He’s popular, but has Chris Minns done enough in his first two years as premier to claim success? James O’Doherty issues the Labor leader a half-term report card.

Minns reflects on first two years in office

In his own words, Premier Chris Minns’ government is heading into the second half of its term with “black eyes and bloodied noses”.

Tuesday marks two years since Minns took Labor to power from opposition, but there will be no popping of champagne corks.

It will be “back to the grindstone … I’m not one to do laps of honour,” he said in an exclusive interview to mark the second anniversary of his election win.

Minns is facing an increasingly urgent problem: he’s made frustratingly little progress on some of the things he vowed to fix.

Ministers, Labor MPs, unionists and Labor officials reflecting on the government’s progress concede that Minns really needs to start delivering on his core promises. “We need to start showing progress on the things that matter,” one minister says.

Premier Chris Minns says after two years in office, he’s far from declaring ‘mission accomplished’. Picture: Sam Ruttyn
Premier Chris Minns says after two years in office, he’s far from declaring ‘mission accomplished’. Picture: Sam Ruttyn

The Premier himself is personally popular, and has shown deft ability to handle a crisis, including the Bondi Junction stabbings, Wakeley riots, and natural disasters.

He has moved quickly to tackle issues like law and order, and shown strong leadership to stamp out the spate of anti-Semitic attacks that swept Sydney in recent months.

 
 

“Chris has risen to the position and shown he can do the job,” one senior Labor source said.

“He has taken appropriate action by managing things quickly.”

In the popularity stakes, Minns is miles ahead of the beleaguered Coalition under Mark Speakman, but there is a growing sense that personal popularity may not be enough to secure a second term if it cannot point to concrete achievements.

“People like that he’s competent, but that could unravel really quickly,” one Labor official warns. If you ask people to identify what this government is doing and what this government’s agenda is, they can’t attach much to him.”

Housing

One unmistakeable plank of the government’s agenda is increasing density in parts of Sydney that have been dropping the ball on delivering housing.

It was a pledge Minns made even before winning the election, at The Daily Telegraph’s Bradfield Oration in 2022.

 
 

He has moved to overhaul a turgid planning system strangled by red tape and installed a powerful three-person body to bypass recalcitrant councils in approving major developments.

However, these reforms have hardly been reaping results.

There are green shoots – housing approval numbers jumped markedly in January – but they are still far below housing targets.
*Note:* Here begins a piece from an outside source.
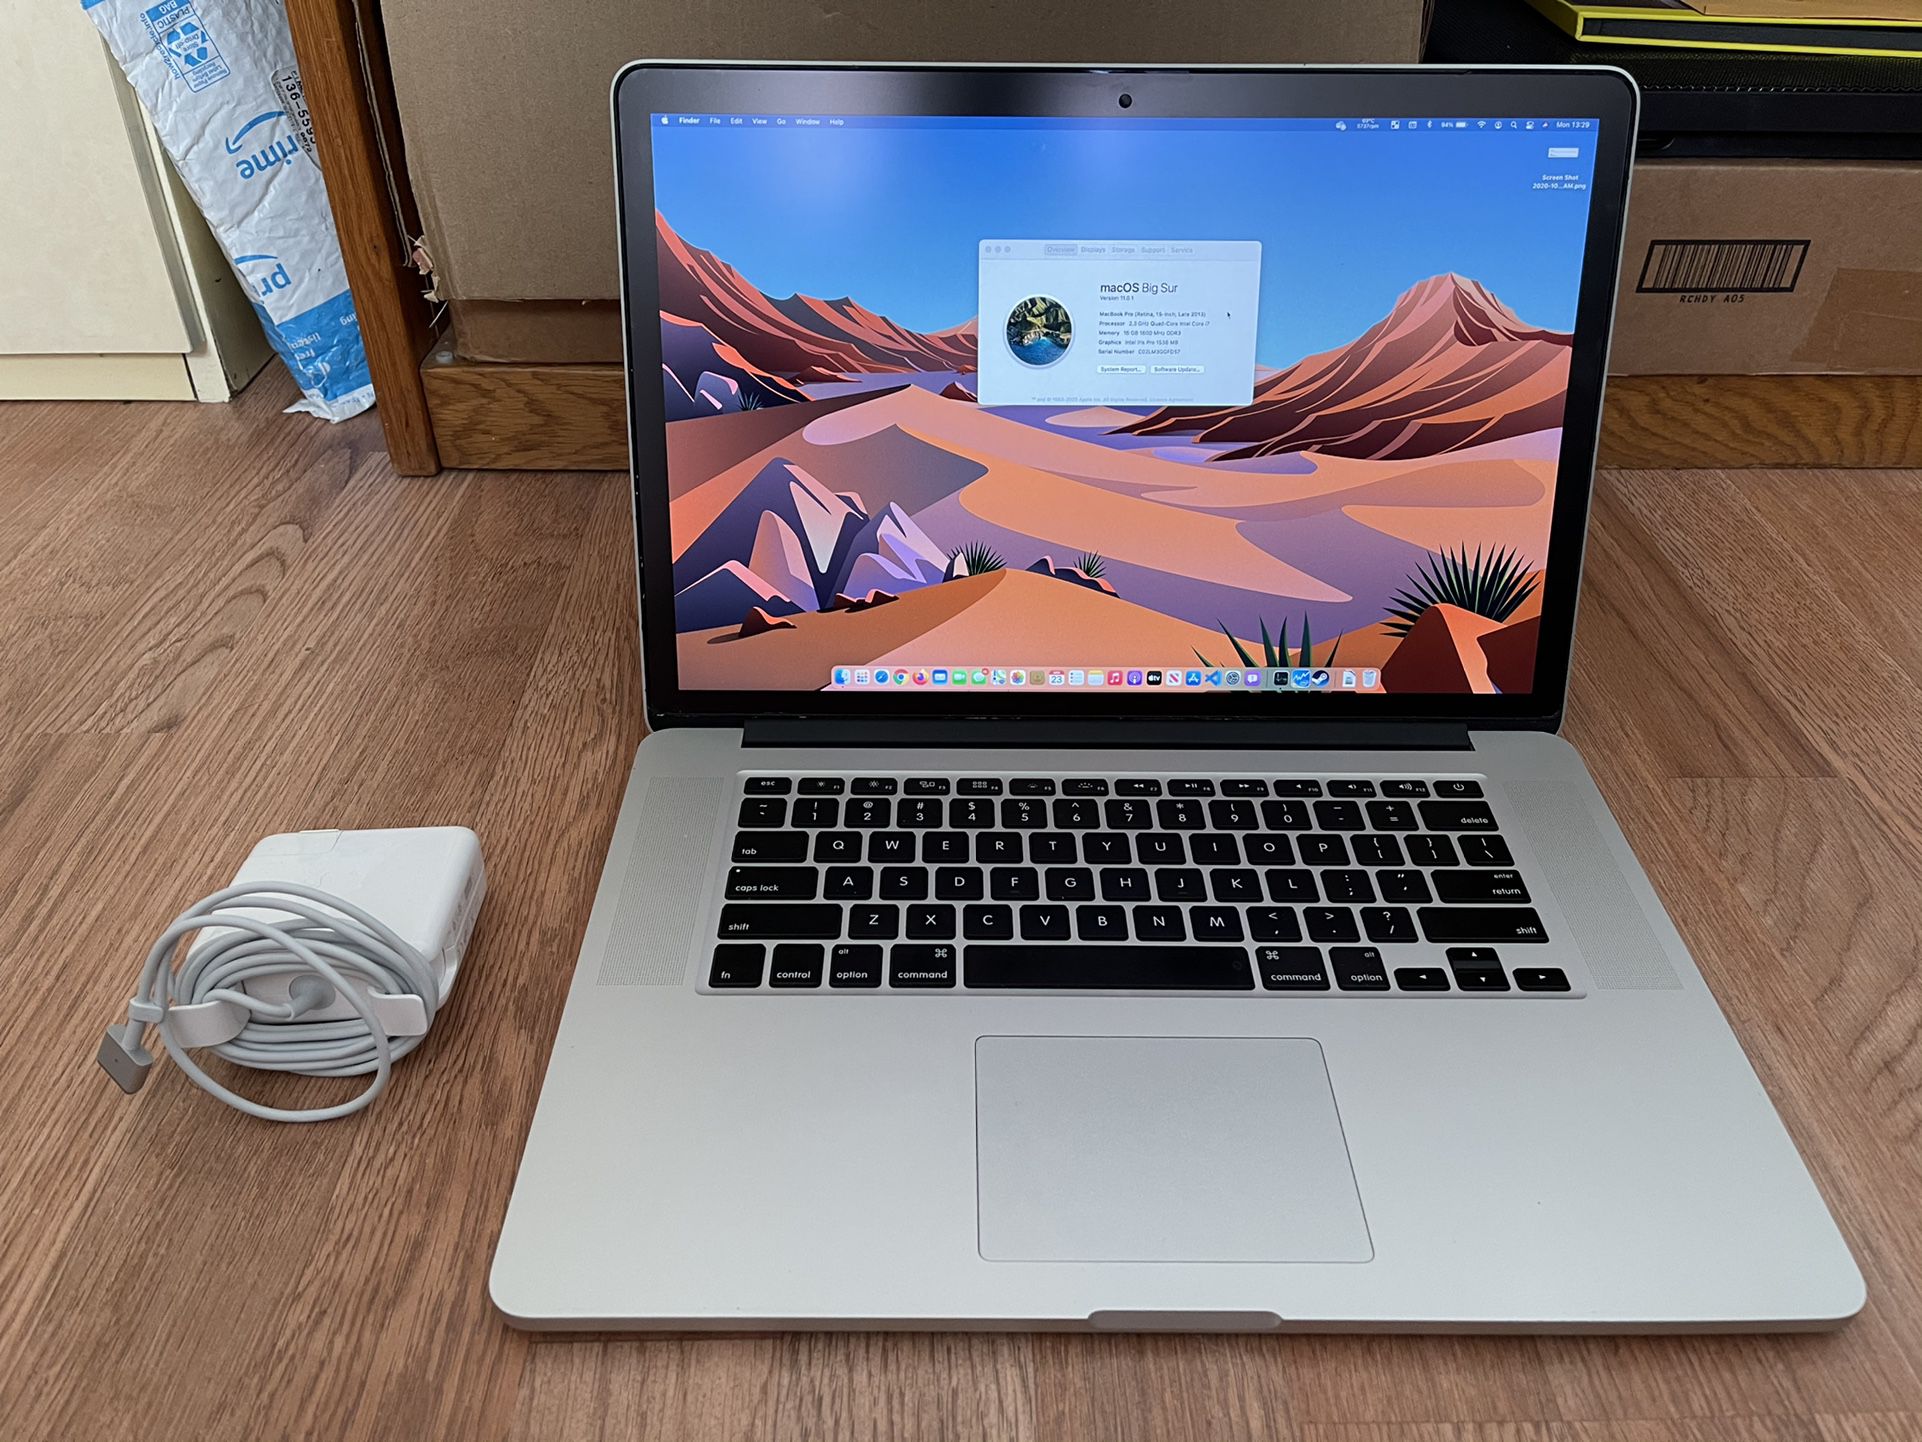 MacBook Pro (Retina, 15-inch), 2.3 GHz Quad Core i7, 16GB Ram, 512GB SSD - excellent shape

Minns is still refusing to admit he will have failed if NSW falls short of building 75,000 homes in a year – the target he agreed to in national cabinet.

“I think voters will say progress has been made,” he says.

Victory, he says, would be delivering “significantly more” homes than are being currently built, while cementing a faster planning process to give developers certainty.

“If you get that confidence in the housing system where a builder and developer can say, ‘I know how long it will take to get a DA approved’ … (they will invest more in NSW)”.

Economy

Minns also went to the election promising to bring the budget back under control by paying down the state’s debt.

At best, that is a work in progress.

Gross debt is forecast to be $179.5bn in June next year, $8.7bn less than forecast before the election.

 
 

However, the latest budget update projects a $5 billion deficit this financial year, with the budget improving to be $1.3b in the red in 2027-28.

To save cash, Minns has skimped on major infrastructure projects, including by scrapping grand plans announced by the Coalition.

He has recommitted to a new Metro line for Sydney’s west, but pushed out the delivery date to 2032.

Other Metro lines to the Western Sydney Airport have been pushed out to after 2040, if they happen at all, and grand infrastructure plans promised under the Coalition (like a super deck connecting the two sides of Central with new parks, and business space) have been scrapped.

Despite axing “nice to have” projects in favour of the “must-haves”, Treasurer Daniel Mookhey’s latest budget update showed the books sliding further into the red, with increasing compensation payments partly to blame.

Minns this week moved to curb those compo payouts in a bold plan to make it harder for workers to claim for injuries like bullying, stress, and burnout.

Union fights

An overhaul to the workers compensation scheme for psychological injury is just the latest front in the Premier’s battle with the union movement.

Former transport minister Jo Haylen quit after revelations about her use of ministerial drivers. Picture: Gaye Gerard
Former transport minister Jo Haylen quit after revelations about her use of ministerial drivers. Picture: Gaye Gerard

After abolishing the wages cap, Minns has been in constant conflict with unions all lining up for their slice of the pie.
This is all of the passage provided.